Courteney Cox Dishes On 'Dirt'

Actress Courteney Cox poses for photographers at the "A Night at the Comedy Store", a fundraiser to benefit the EB Medical Research Foundation, in the Hollywood section of Los Angeles on Monday, Aug. 14, 2006. AP Photo/Matt Sayles

In the opening of Courteney Cox's seductive new FX series, the actress is seen as a red, satin-swathed colossus dominating the Hollywood landscape.

In fact, Cox's beautiful, even beatific Lucy Spiller is wallowing in the gutter as the editor of tabloid magazines whose mission is reflected in the show's title: "Dirt."

Turns out, though, Lucy has company: The stars and executives who publicly scorn her include those who also use her. She rubs that in a producer's face in the debut episode, 10 p.m. EST Tuesday, Jan. 2.

Photos: 'Dirt' Premieres
"You and all your Hollywood pals read my magazines and secretly love them," she purrs. "And as much as you all hate to admit it, you need me."

The series is a surprise in several ways. It deftly layers glamour's standard trappings over a surreal heart of darkness — Lucy's favorite paparazzo is schizophrenic, and we see his pained hallucinations as he pains his celebrity targets.

The photog, Don Konkey, is brilliantly played by English actor Ian Hart, who immediately establishes himself as one of the best things on TV this season.

"Dirt" also allows Cox, 42, to effectively vanquish her "Friends" character of Monica, which made her one of America's sitcom sweethearts, and slither into the driven Lucy, who struggles with her own unstable psyche.

Then there's the show's layered depiction of the relationship between the entertainment industry and the tabloids — this from an actress who has been the uncomfortable object of celebrity feeding frenzies.

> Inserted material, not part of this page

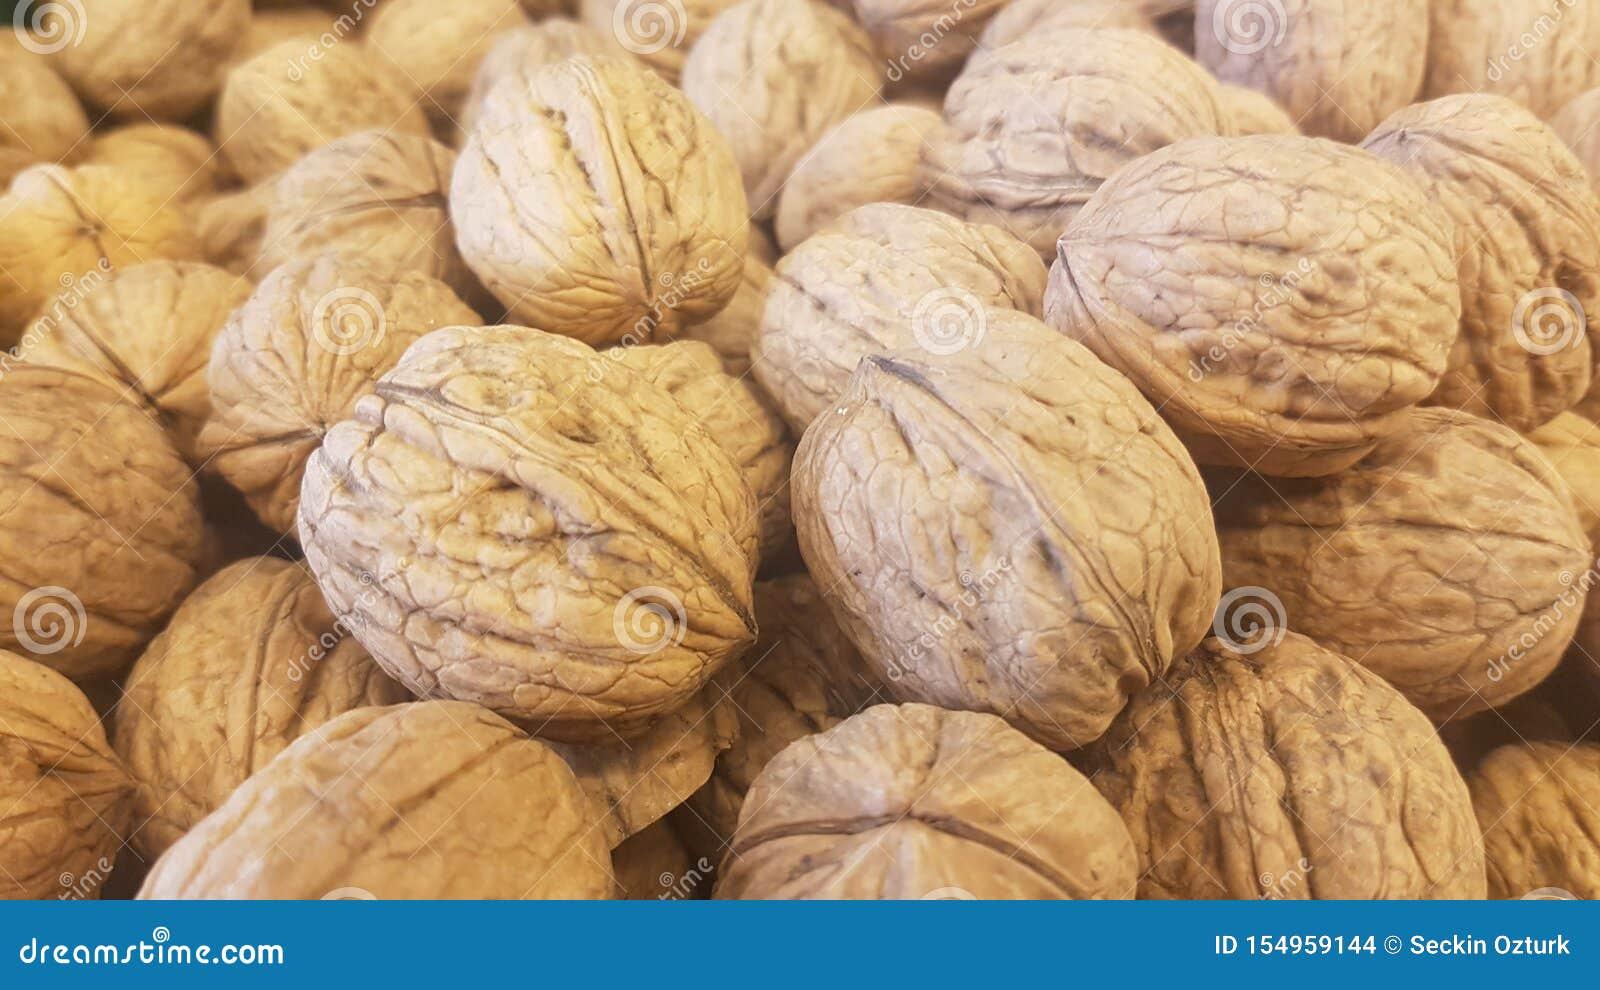 Lots of inshell walnuts texture

Cox isn't just going along for the ride: "Dirt" is from the production company she runs with her husband, David Arquette, 35. The two are executive producers with series creator Matthew Carnahan and writer Joel Fields.

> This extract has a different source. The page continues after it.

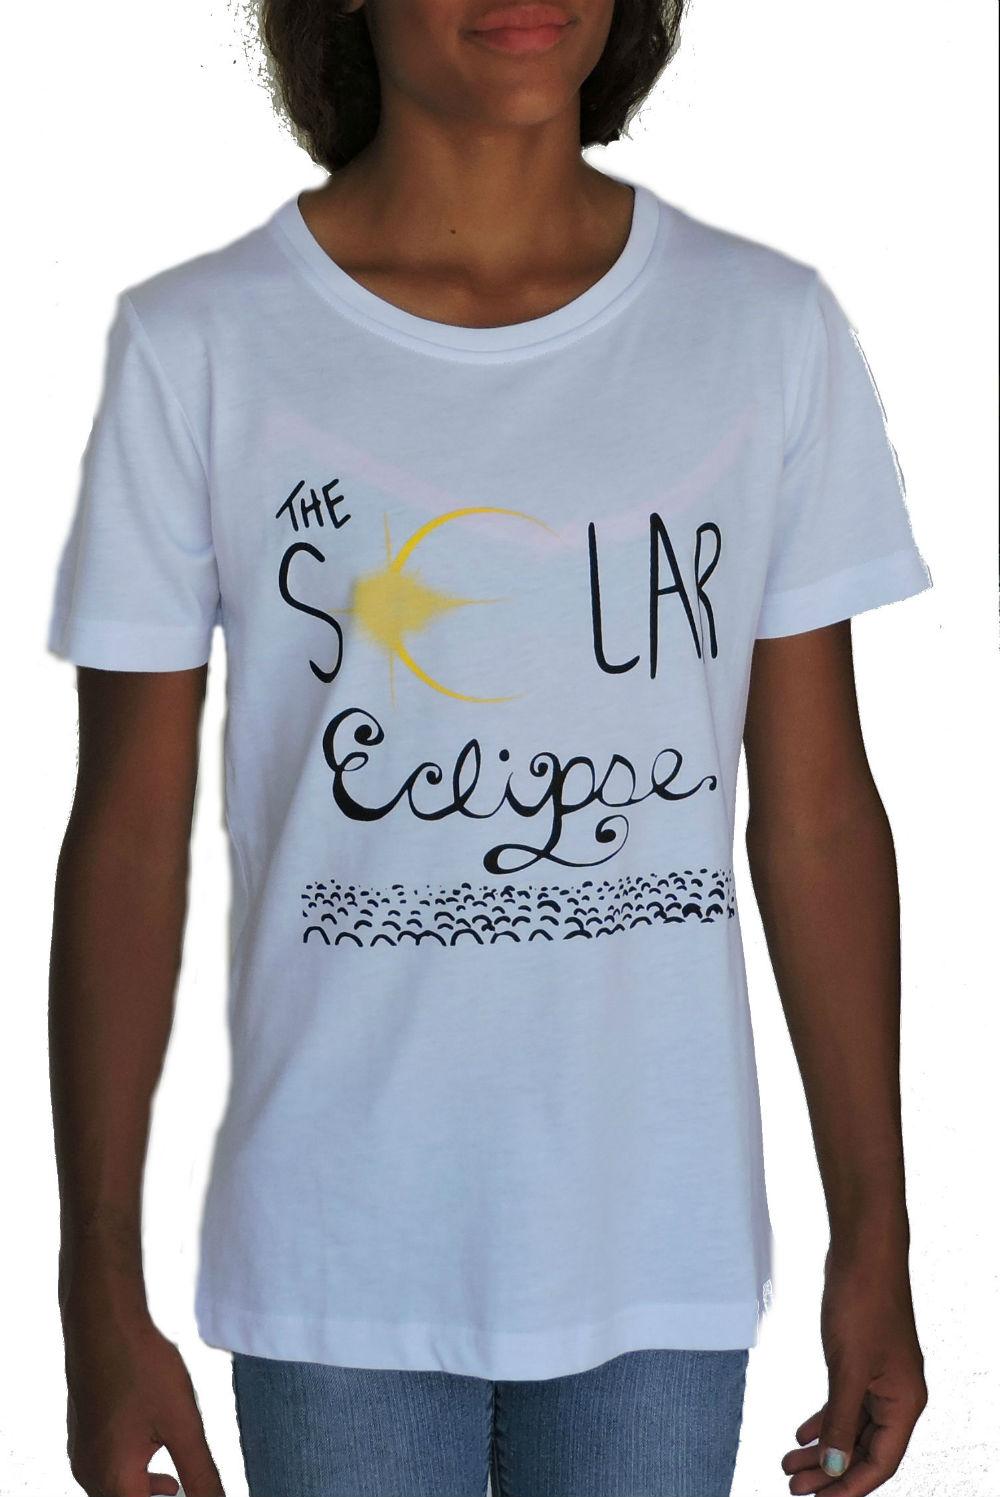 Sephlin - Charity  Girl's Solar Eclipse T-Shirt WHITE

"It all stemmed from when I was pregnant," Cox said in a phone interview, efficiently conducted while she exercised on an elliptical machine. "The paparazzi was really hounding me ... and some really crazy stuff happened. They got in my face more than anything I experienced before."

The much-hyped end of "Friends" in 2004 added to the madness, which Cox said included car chases in which she was surrounded by photographers and feeling especially vulnerable because she was expecting (daughter Coco is now 2½).

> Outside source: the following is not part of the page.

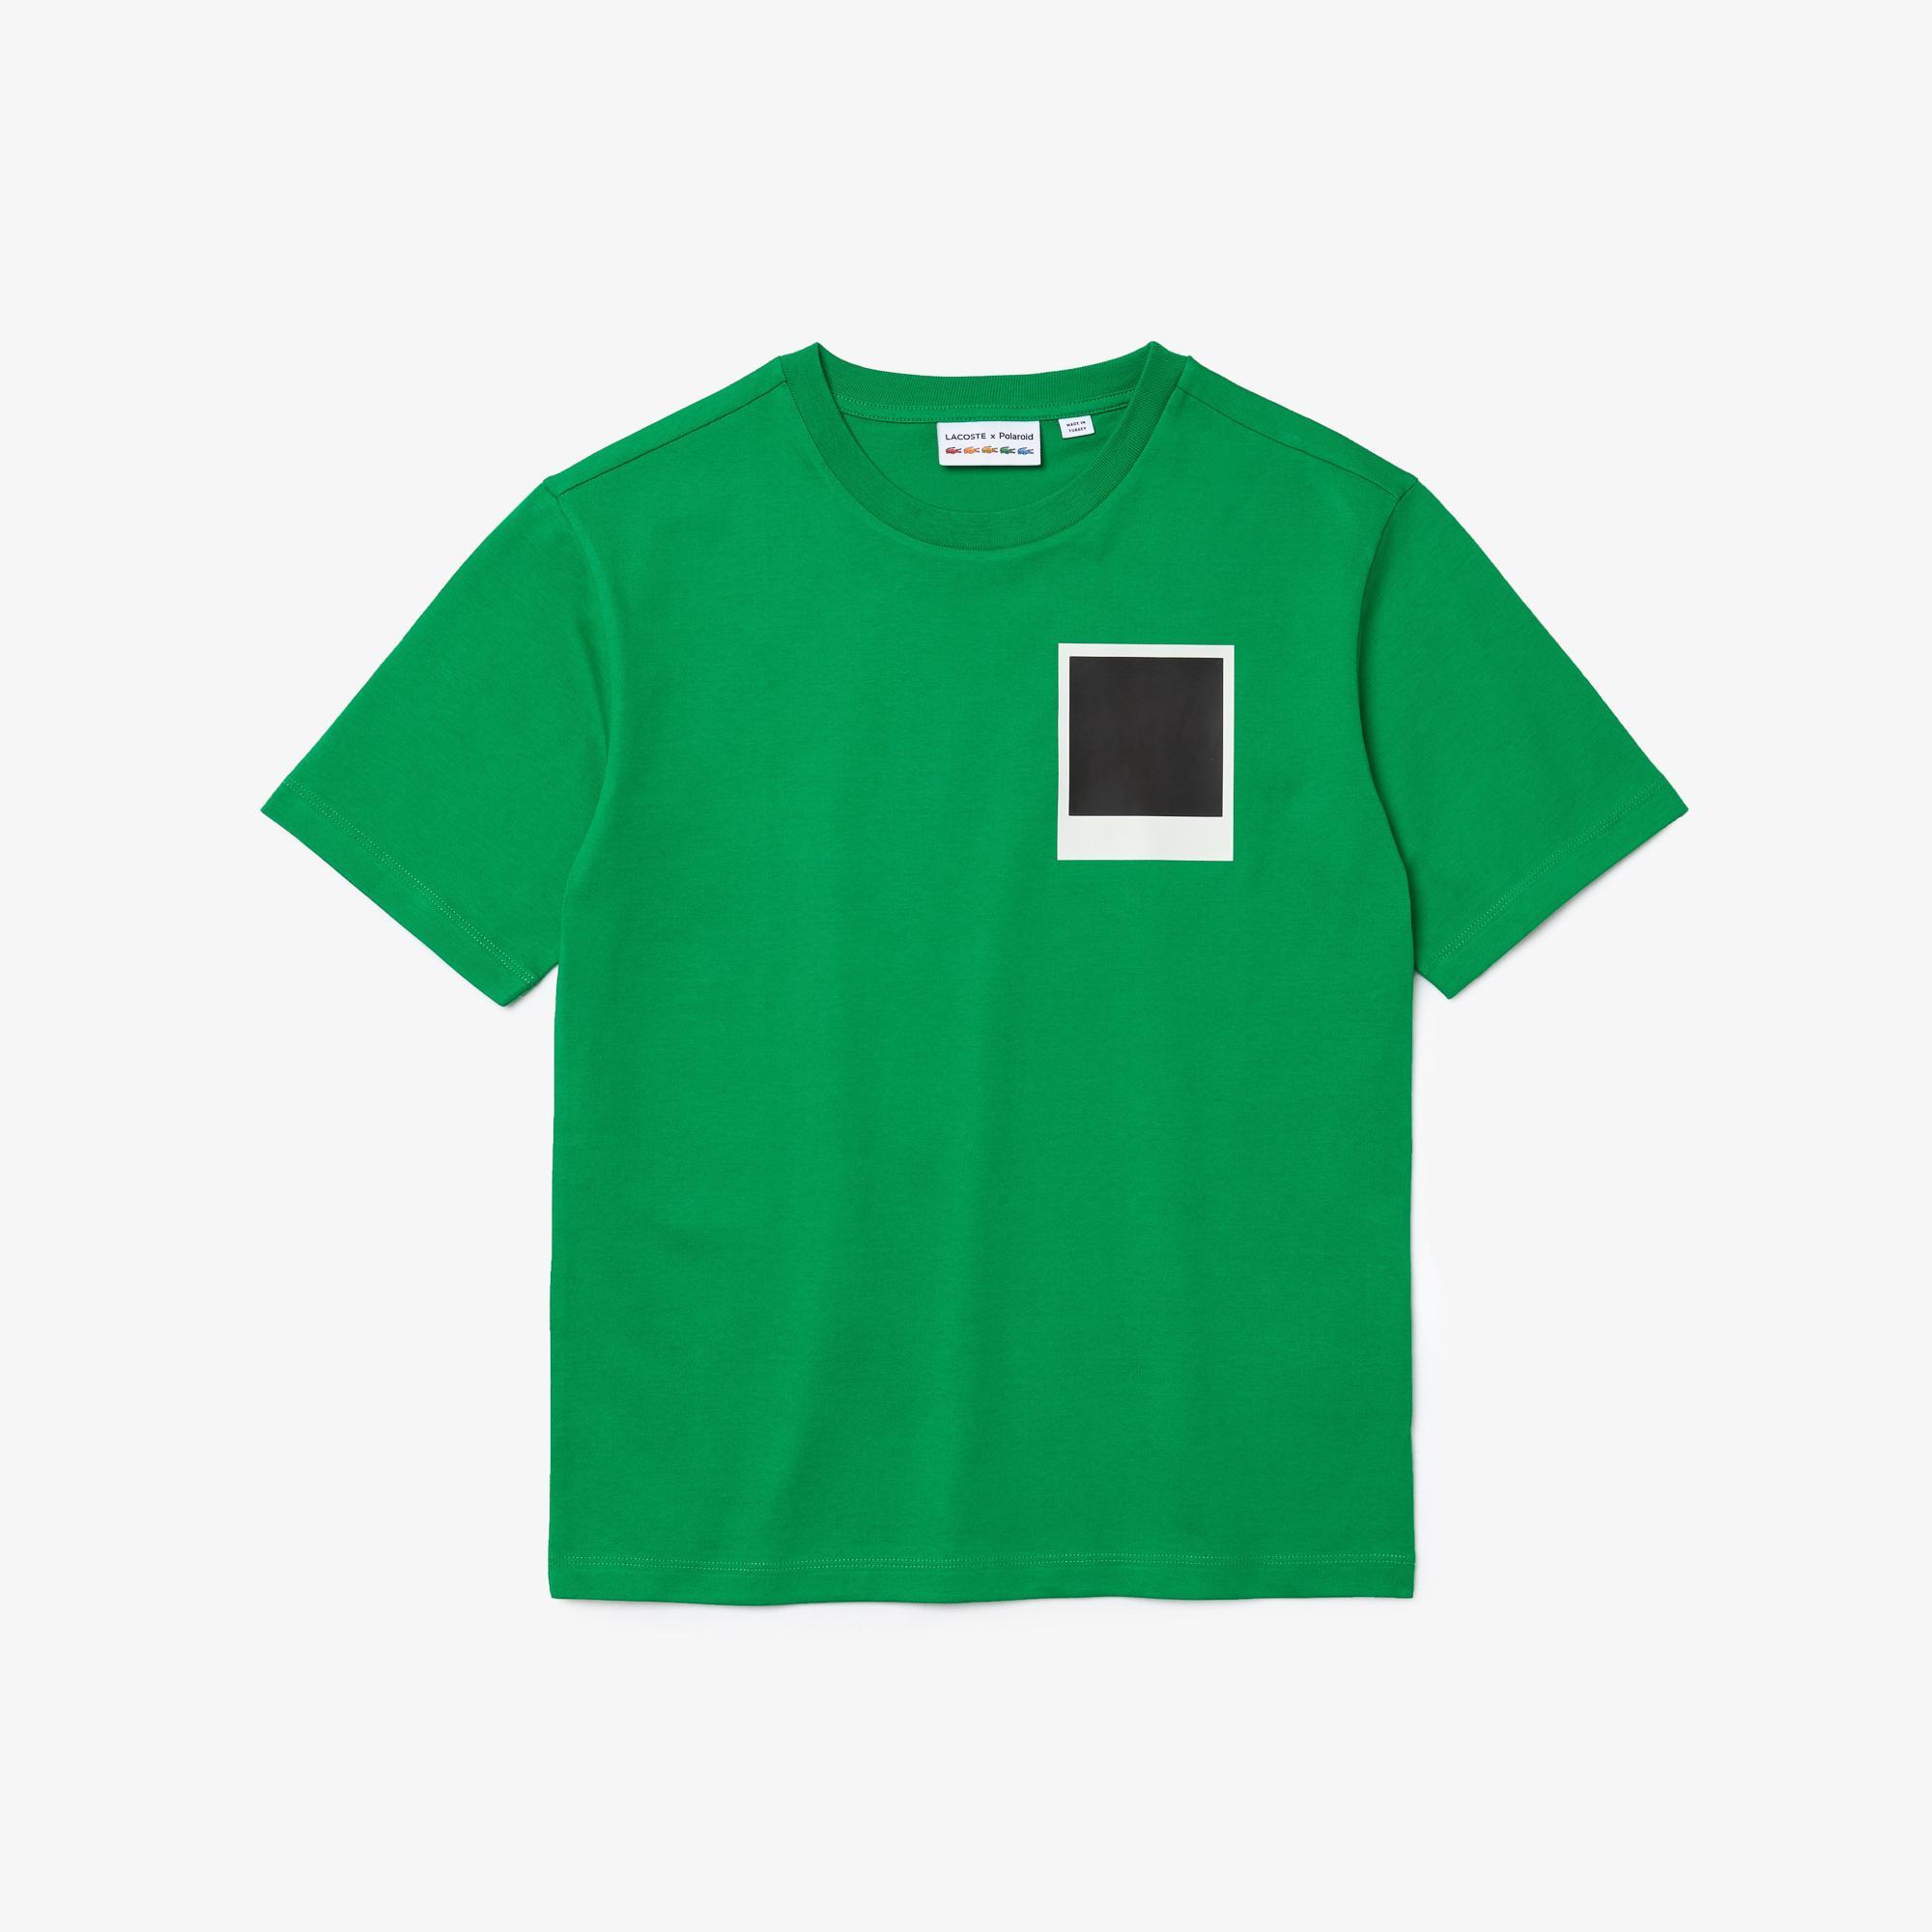 Lacoste X Polaroid Kadın Bisiklet Yaka Baskılı Yeşil T-Shirt

"The head of development at our company saw what I was going through ... and had the foresight to know it would make an interesting show," Cox said.

It was a project she intended only to produce. Then FX Networks president John Landgraf suggested reworking the concept, originally centered on shooter Konkey and other men, to include a woman editor.

"Matthew Carnahan took the seed of an idea and made the most unexpected characters, the richest characters," Cox said. "I thought, wow, if I can't play Don Konkey, which is one of the all-time great roles, I really want to play Lucy.